Residents set out to teach politicians a lesson

You can buy a house in Gurgaon. You can buy a vote too, if you are a dodgy politician. But, if as a resident, you want your name included in the electoral rolls, just forget it. It’s much too tough.

Gurgaon is the hottest address in northern India, perhaps all of India. It has acre upon acre of new housing. It has an array of corporate offices. Former secretaries to the government of India live here. Its shopping malls are billed as an experience to match Singapore. You can play golf. Or disco late into the night. A fairly decent Thai meal is there for the asking. Italian, too, in case that is what you would prefer.

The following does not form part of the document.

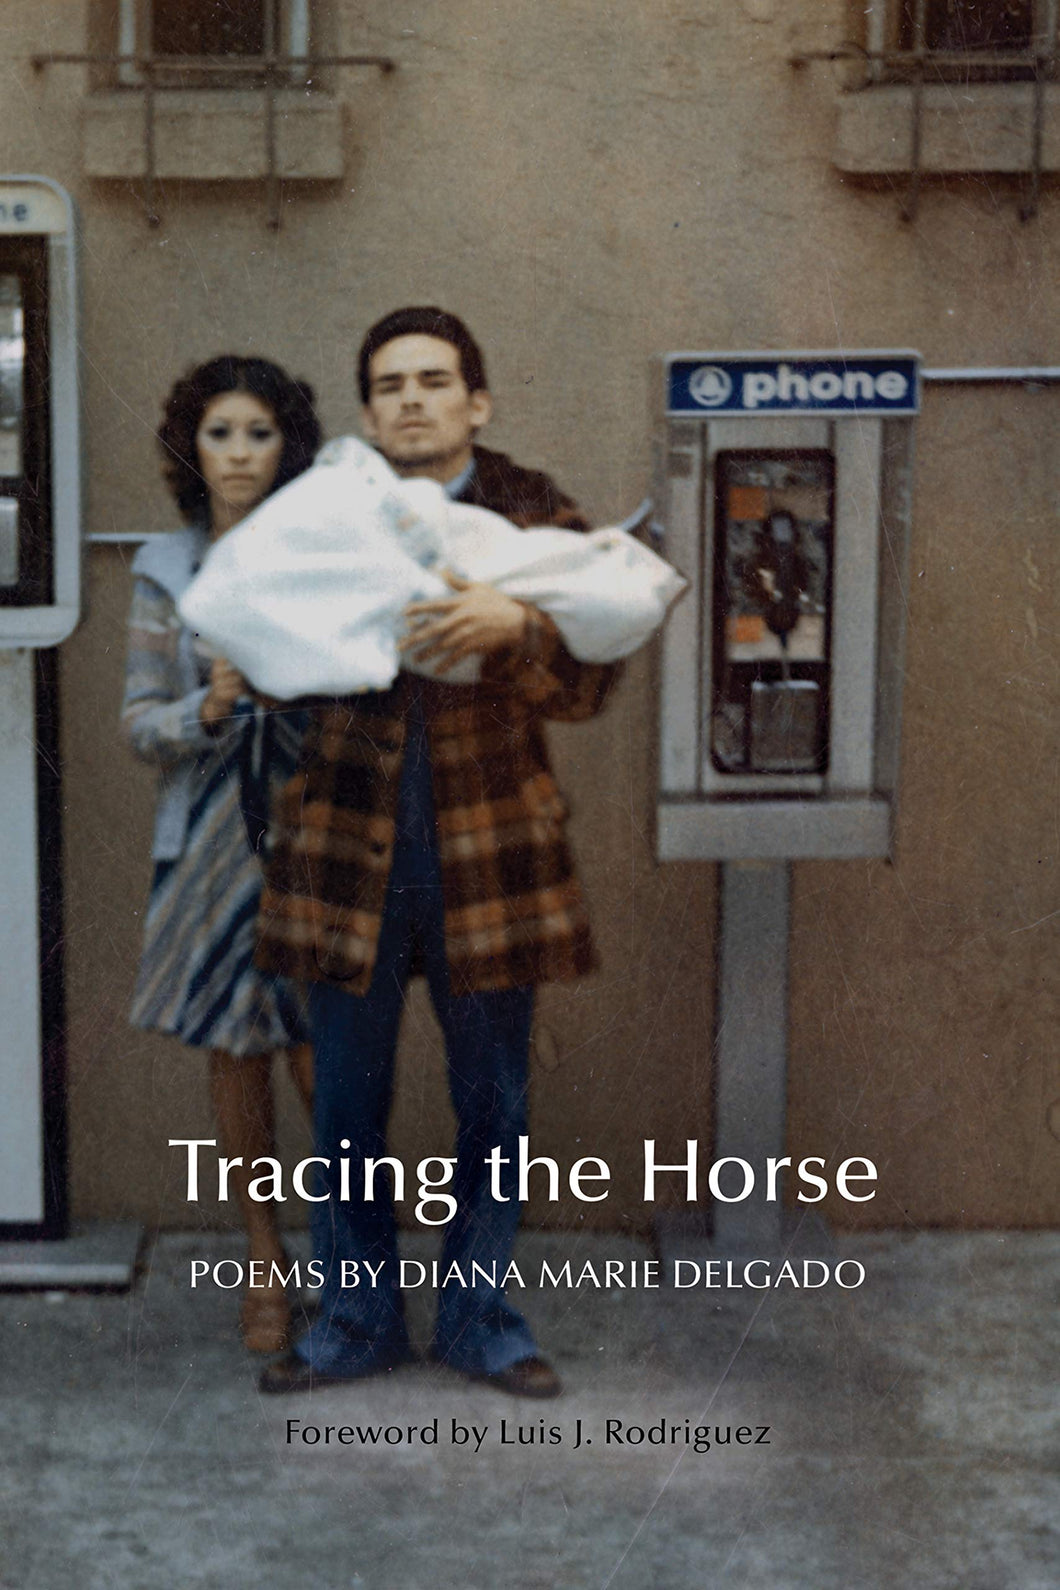 Tracing the Horse by Diana Marie Delgado

And yet in this shining upmarket model of Indian urbanisation on the fringes of Delhi, burgeoning with people, the list of voters has just grown by barely 7,000 in five years. In 1996 there were 184,880 voters and in 2000 there were just 190,931. By contrast, the census shows a population of 1.6 million and a growth rate of 44.64 in the decade 1991-2001.

So, where have Gurgaon’s voters gone missing?

Estimates vary, but the number of eligible voters in Gurgaon is put at 300,000. And
if People’ s Action, an NGO, and several resident welfare associations (RWAs) are to be believed, politicians and the administration collude to keep Gurgaon’s new residents off the rolls.

Fully updated electoral rolls would make Gurgaon the rare Assembly seat in the country where educated and empowered voters would decide the fate of a candidate.

Voter jigsaw

In the last Assembly elections 55 % of the 190,931 in the electorate voted. The winner got a mere 25,000 votes. The new residents can easily throw this delicate jigsaw into disarray. They could also transform an essentially rural constituency, with its typical demands, into an urban one with different problems and expectations.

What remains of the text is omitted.